I put 'self explanatory' in square quotes exactly because of that, at the time
of writing the code many things may seem self explanatory for the person
writing it, but even seemingly simple things can be very confusing for people
who read the code for the first time. But obviously I'm not advocating
comments that simply describe in words what the next line of code does
mechanically, those are useless. But I do like comments that break up the
algorithm in sections that are clearly marked by comments, even if some parts
of those comments may seem trivial ('loop over all objects of type x and
process those with property y', etc). For me the value is in being able to
read the comments first and get an idea of the structure of the code and the
though process behind it, before actually having to interpret the code itself.

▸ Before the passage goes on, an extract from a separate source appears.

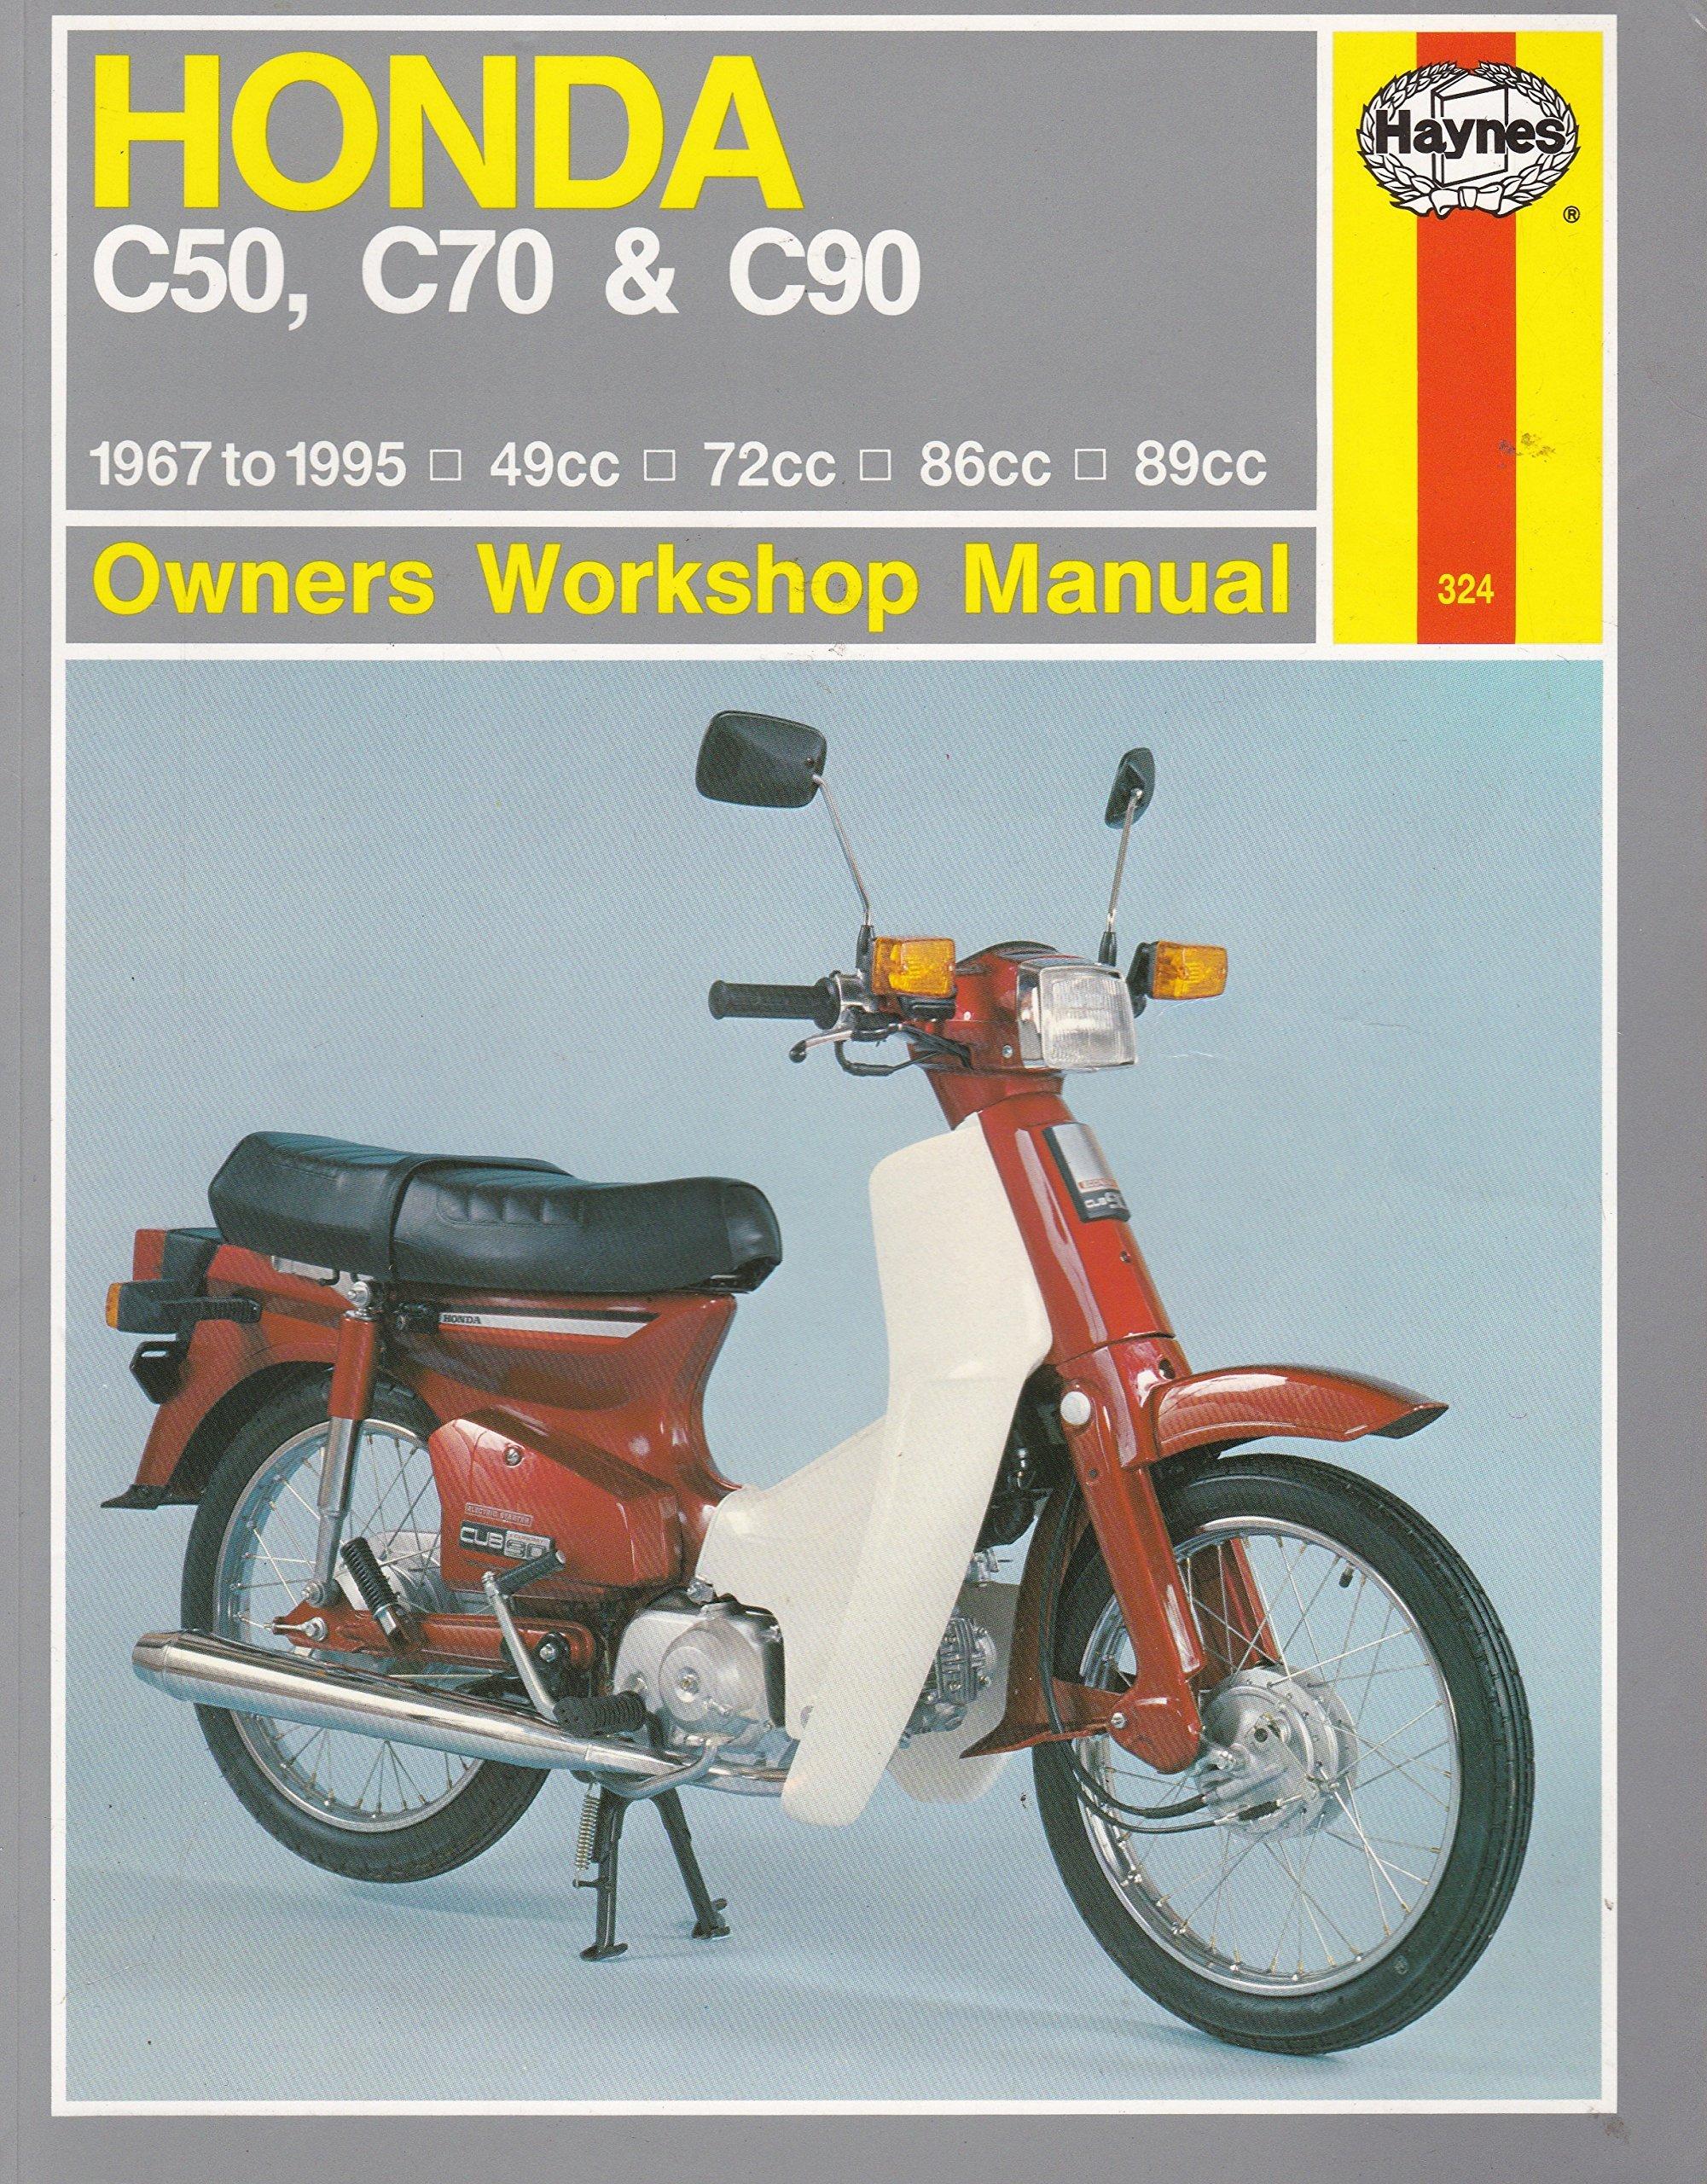 honda c50 c70 and c90 owner s workshop manual haynes owners rh amazon co uk honda  c50 repair manual pdf honda c50 service manual pdf

>> _At the same time, I think it 's important to be aware that comments not
immediately adjacent to what they describe are usually not visible in code
review [..] I'm curious if you have any particular mechanisms for addressing
the above?_

Not really. In our team we don't really use code review tools for feedback
about algorithms or higher level design of the code, my experience they are
pretty awful for that anyway. We use bitbucket primarily to point out local
improvements and ask questions why sections where added or changed, but for
higher-level discussion we prefer offline tools like whiteboarding, and
rotating people so everyone works on different parts of the codebase.

------
mucholove
It’s been such a joy to learn C.

There’s a very vocal group that tells you not to write in C because it’s
unsafe, immoral and you’ll burn in hell if you do but the fact is...I would
never be able to understand the problem Rust is trying to solve until I’ve
recreated the problems in C. By now I’ve hit a good amount of segmentation
faults.

Would really love to know if there’s a list of all the possible ways to get
one oF these in C.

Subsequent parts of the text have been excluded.